What is Big Data?

Big Data is a buzzword that few people can agree on. So if someone starts spewing on about Big Data, ask them “What is your definition of Big Data?”

Here’s mine.

From a technical standpoint, Big Data is an extension of data warehousing and business intelligence. Data warehousing has always used large data sets, and data mining has always been an advanced analytical method for business intelligence. These technologies have been around since the 1990’s and are well-developed and mature.

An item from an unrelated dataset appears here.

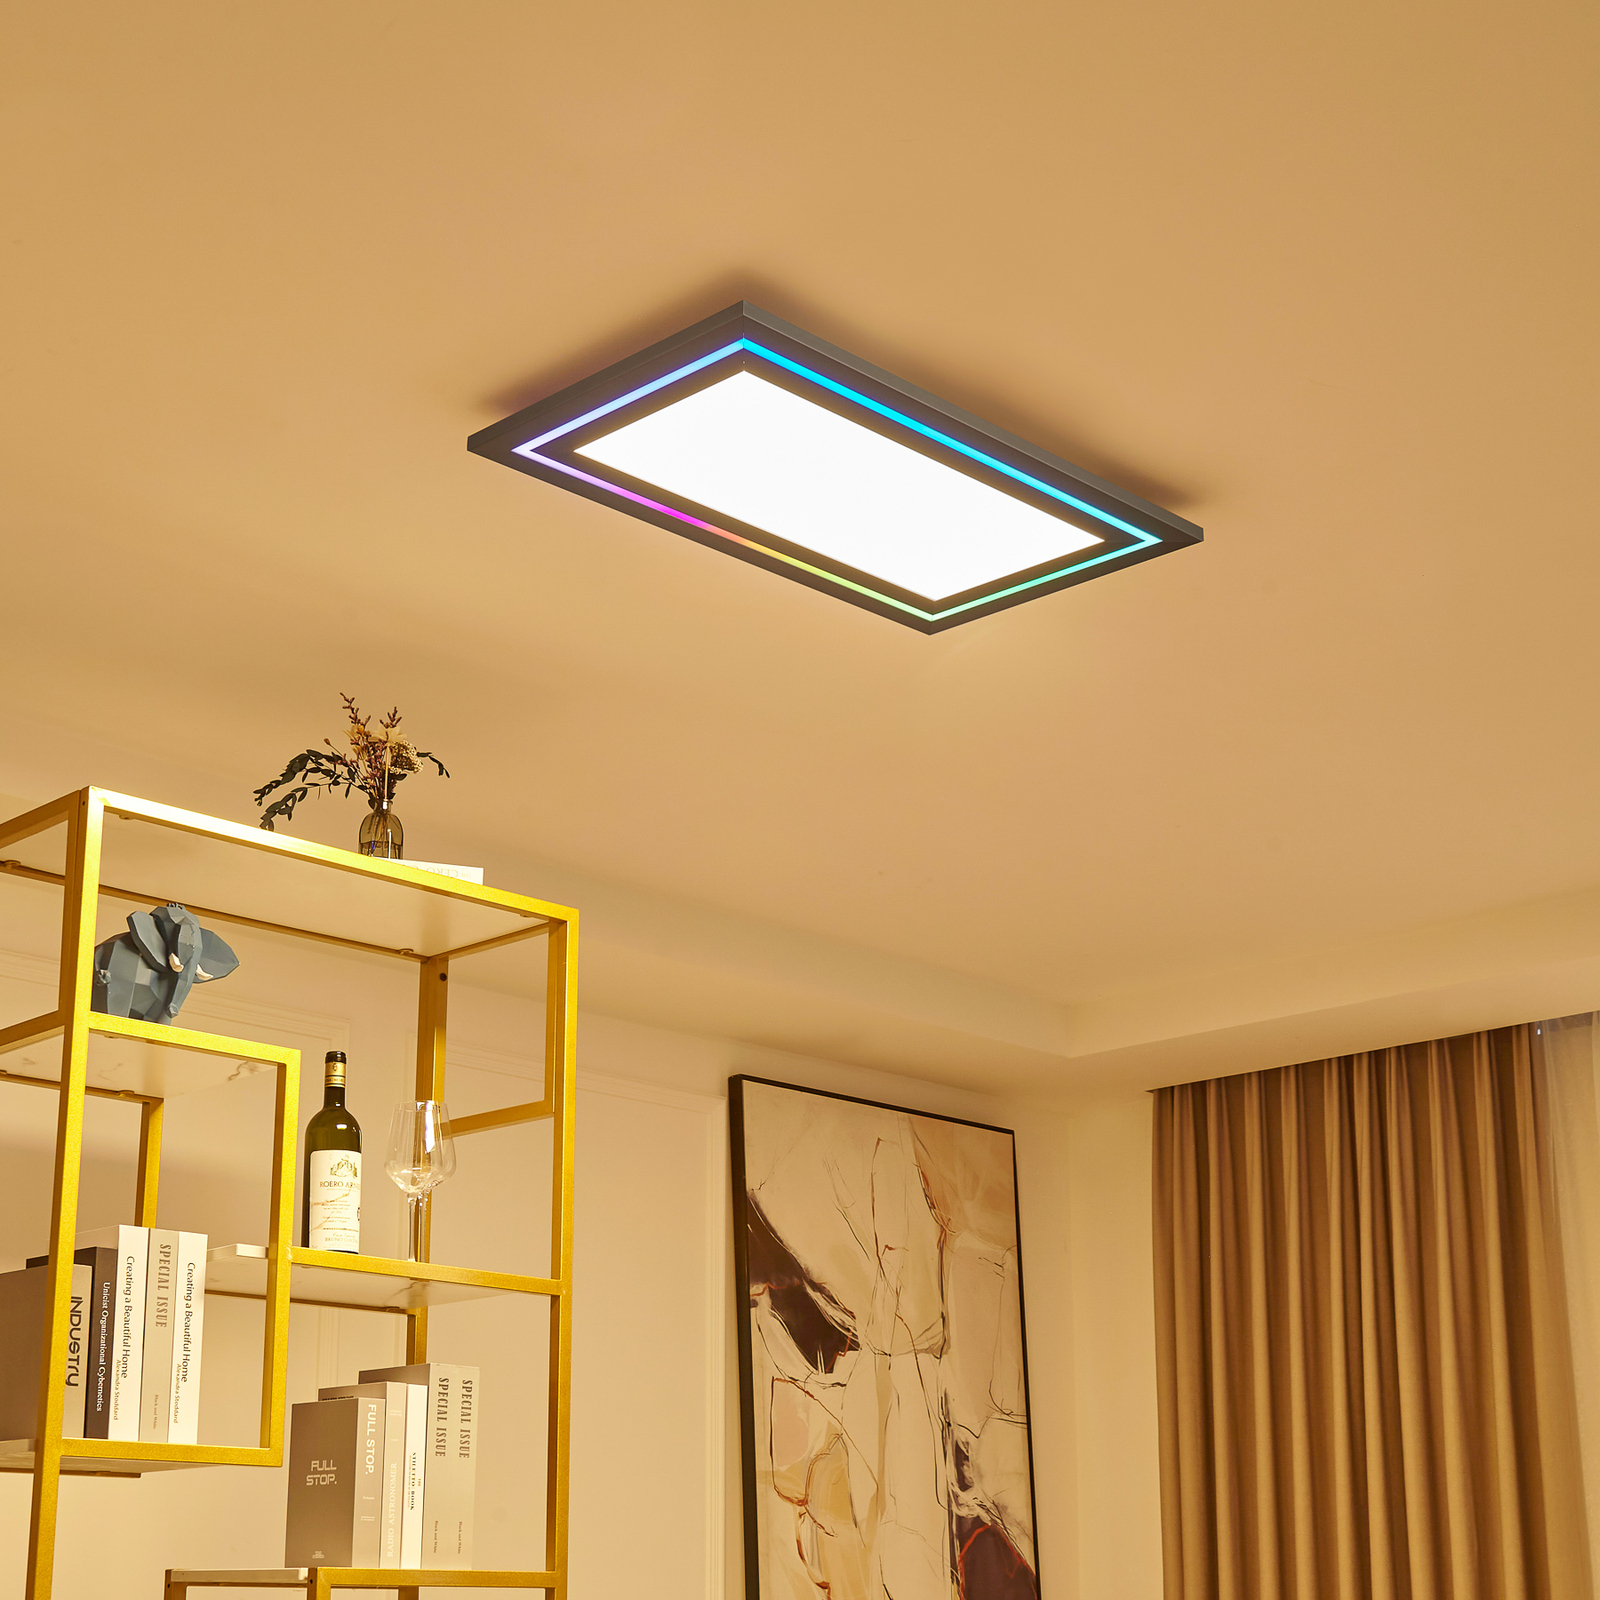 Lucande Leicy LED ceiling 80 cm RGB colour flow

So, what is Big Data, truly? Early adopters like Yahoo were trying to apply data warehousing techniques to Social Media data sets, which turned out to be considerably larger than most previous data sets. They solved their storage issues by mimicing Google’s approach using large server farms to store the data. There is now a packaged approach for this called Hadoop. Hadoop allows you to manage the servers, while the data is processed with Google’s Map-Reduce technique.

Because this Social Media was difficult to store in a traditional relational database (RDBMS), early adopters turned to other alternatives. These databases are now typically called NoSQL databases, but this term is vague and useless. The types of databases are many and varied, so find out the name and type of your database. Always use this in a discussion to avoid confusion.

The type of analysis done on this data is typical of business intelligence: basic reporting, probability, statistics, and data mining. Although these techniques are not new, the labor force for them is scarce. Big Data projects often require analysts with advanced skill sets along with additional creative skills to work outside the box.

Who is using Big Data? Primarily the retail and telco sectors, with some new adopters in the financial and health sectors.

In summary, Big Data uses a tool like Hadoop to store and process data, uses a non-traditional database like MangoDB to give structure the data, and uses advanced analytical techniques like data mining to make sense of the data.